You’ve probably seen this article already [How can I pass up a chance to write on something called “Faulty Towers?”], but there’s so much there to work with [The Yale English Department throws a party if half of its Ph.D.s get tenure track jobs? Yale?] that I think you can use another blog post about it.

How about this?:

From 1976 to 2001, the number of nonfaculty professionals ballooned nearly 240 percent, growing more than three times as fast as the faculty. Coaching staffs and salaries have grown without limit; athletic departments are virtually separate colleges within universities now, competing (successfully) with academics. The size of presidential salaries—more than $1 million in several dozen cases—has become notorious. Nor is it only the presidents; the next six most highly paid administrative officers at Yale averaged over $430,000 in 2007. As Gaye Tuchman explains in Wannabe U (2009), a case study in the sorrows of academic corporatization, deans, provosts and presidents are no longer professors who cycle through administrative duties and then return to teaching and research. Instead, they have become a separate stratum of managerial careerists, jumping from job to job and organization to organization like any other executive: isolated from the faculty and its values, loyal to an ethos of short-term expansion, and trading in the business blather of measurability, revenue streams, mission statements and the like. They do not have the long-term health of their institutions at heart. They want to pump up the stock price (i.e., U.S. News and World Report ranking) and move on to the next fat post.

That explains where all the money they’re saving on contingent faculty is going: Associate deans and presidential search expenses.




3 responses

9 05 2011
Middle Seaman

Why should universities be any different than other organizations? It is a society that is hell bound on enriching the very few through the sweat of the many.
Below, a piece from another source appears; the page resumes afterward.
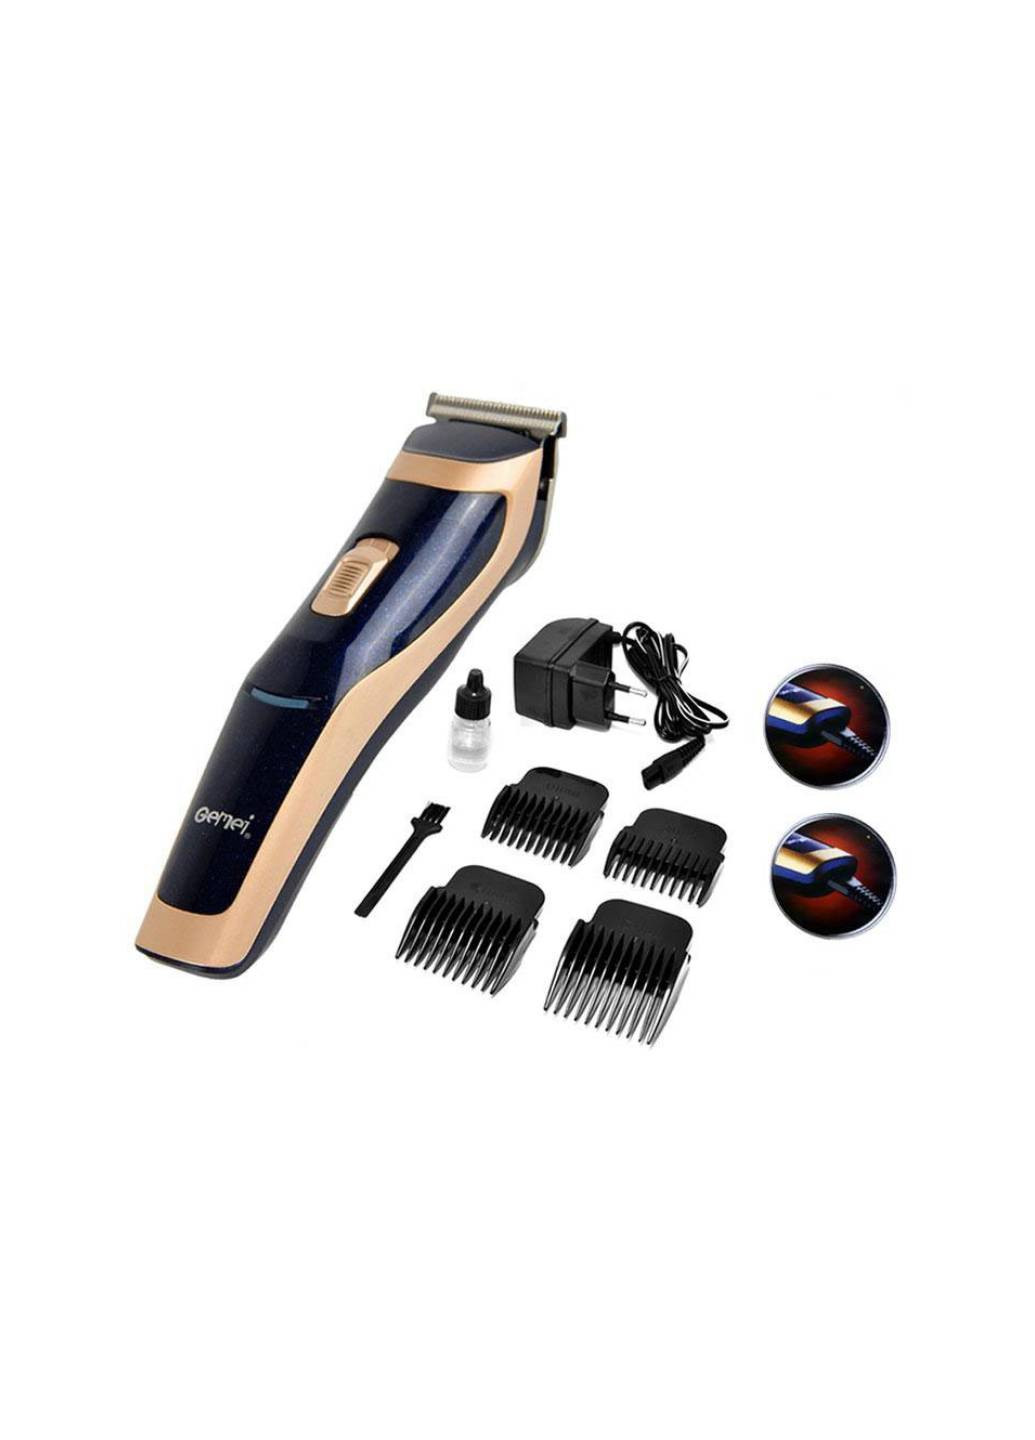 Машинка для стрижки волос GM-6005 Professional 3 Вт аккумуляторная титановые ножи + 4 насадки и щетка Gemei (254315737)

Change comes only with the guillotine.

9 05 2011
Why it’s time to strike the word “bubble” from my vocabulary. « More or Less Bunk

[…] as a result. A piece of the mother of all “higher education in crisis” articles (which I linked to last night) can help me make this point better: Online courses, distance learning, do-it-yourself instruction: […]

9 05 2011


Thanks for pointing this out. I let my Nation subscription lapse in 2008, and haven’t been so happy in years, but occasionally I miss articles of interest (plus Jon Wiener.)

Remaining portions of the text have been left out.